Grameen Banking Methods and Outcomes

Grameen banking is intended and focused to do away with poverty. The bank and the Grameen Foundation make no bones about it: They are trying to eradicate a way of life that has impoverished men and women for hundreds of years, and they are doing this one micro-loan at a time.

Loans to Poor People

Grameen banking makes very small loans, usually $50 to $300, available to individual borrowers, and those borrowers will always be poor people, perhaps situated in a rural Bangladeshi village. These are people whom a bank officer has met personally to determine their character and their needs.  It may be true, as well as a neat saying, that “The less you have, the more you get.”

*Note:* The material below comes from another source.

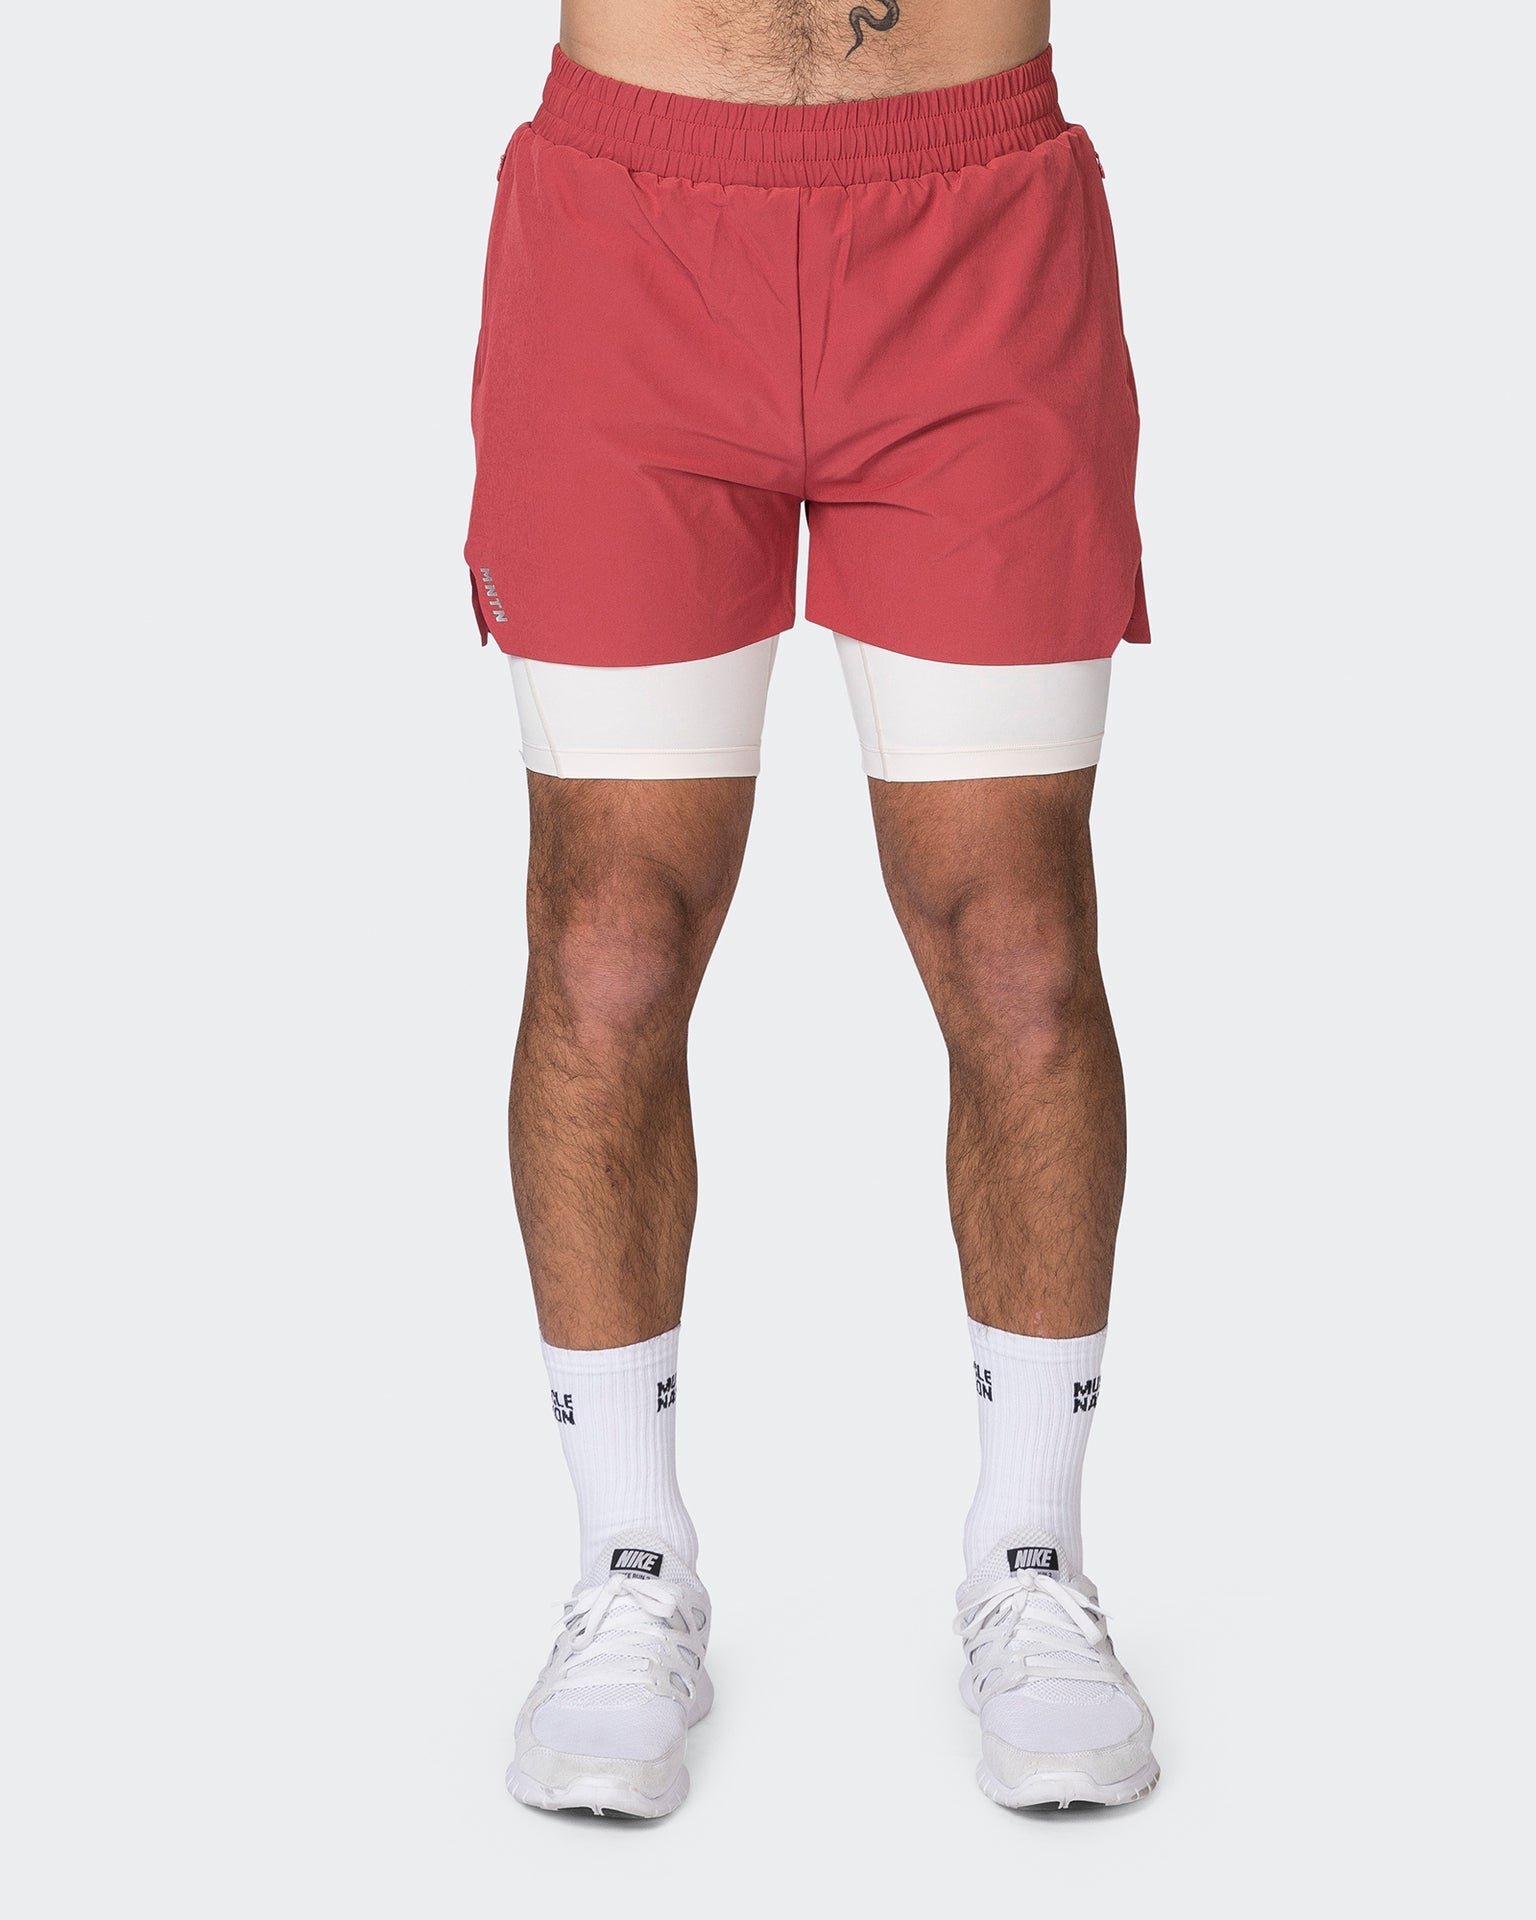 Muscle Nation Gym Shorts Replay 3" Shorts - Dusty Red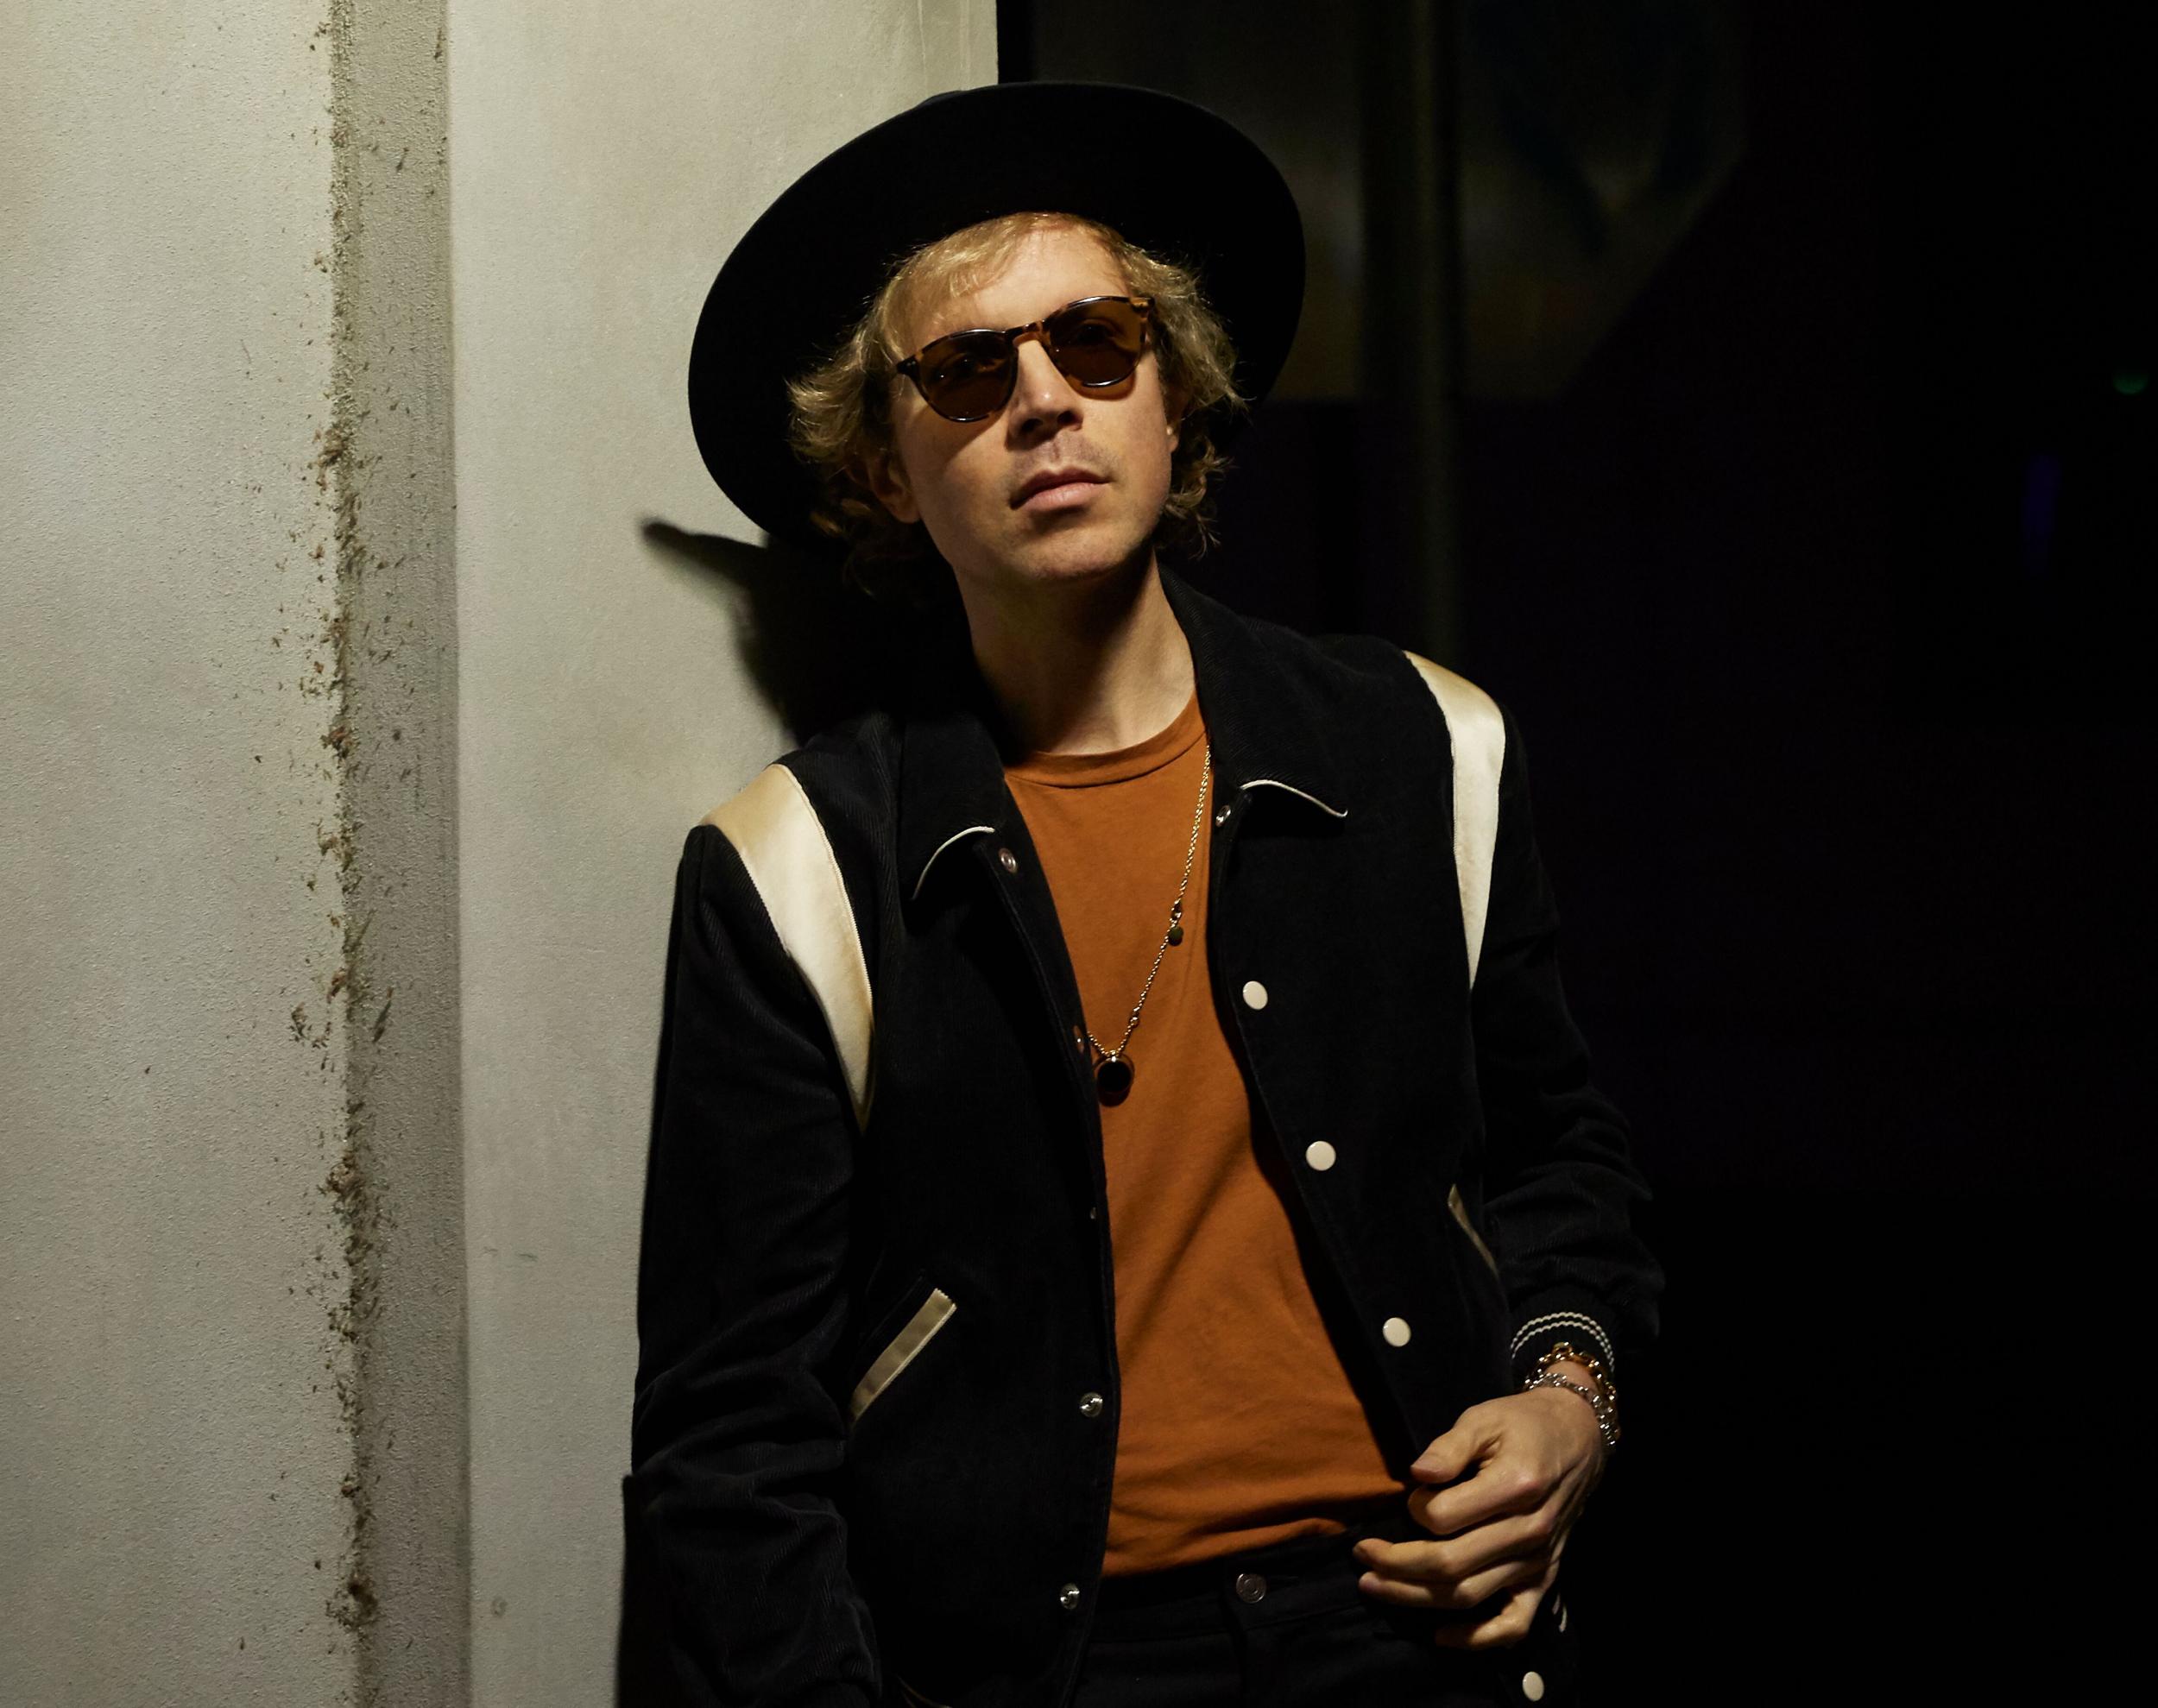 Beck: ‘My original thought when I first met with Pharrell was I just wanted to make something that had a kind of joy to it, a happiness’

Collateral Is Very Different

The rural poor who do business with Grameen are their own collateral. That is, they will not put up an automobile, a house, or even a cow in order to take a loan. The reason for this? They are the poor, and the bank intends to make them less so through the operation of a business venture that they will start by themselves. Taking tangible collateral from them would be difficult in most cases; they might not have anything to take.

A Borrower with Four Friends

If a prospective borrower can find four friends with whom she is comfortable working, she is on her way to success at finding a micro-loan from Grameen Bank. This is because the five friends are a working project group, and it is their pledge that they will support one another both in the production phase of their project, that is, making goods or providing services, and in the pay-back phase.  Most loans are repaid in six or twelve months, and the groups will to succeed helps to make that repayment a happy reality.

One’s Default Is the Group’s Default

As in any business, there must be rules, though Grameen’s rules are as generous as the financial world will ever produce.  Only one or two persons in a project group may take loans. After those are repaid, others may take loans, but only by proving that they will responsibly retire the debt in concert with their working group. It is thus peer pressure and the pride of achievement that keeps repayment rates for Grameen above 95 percent.

Grameen began a new way of approaching the situation of the world’s poorest inhabitants. Their initiative has paid off in millions of healthier, wealthier banking customers, who, as a result of their community work, now live in villages and towns less impacted by the terrible poverty they once knew.

Despite the fact that Grameen now has loaned the equivalent of more than a billion dollars, their bankers still do not work in high-end financial circles. Their intentions are still the same, to knock out world poverty by changing the situations of poor people for the better. They continue to give tiny loans, and the world sees corresponding changes to poor people’s hopes. It is working, as promised.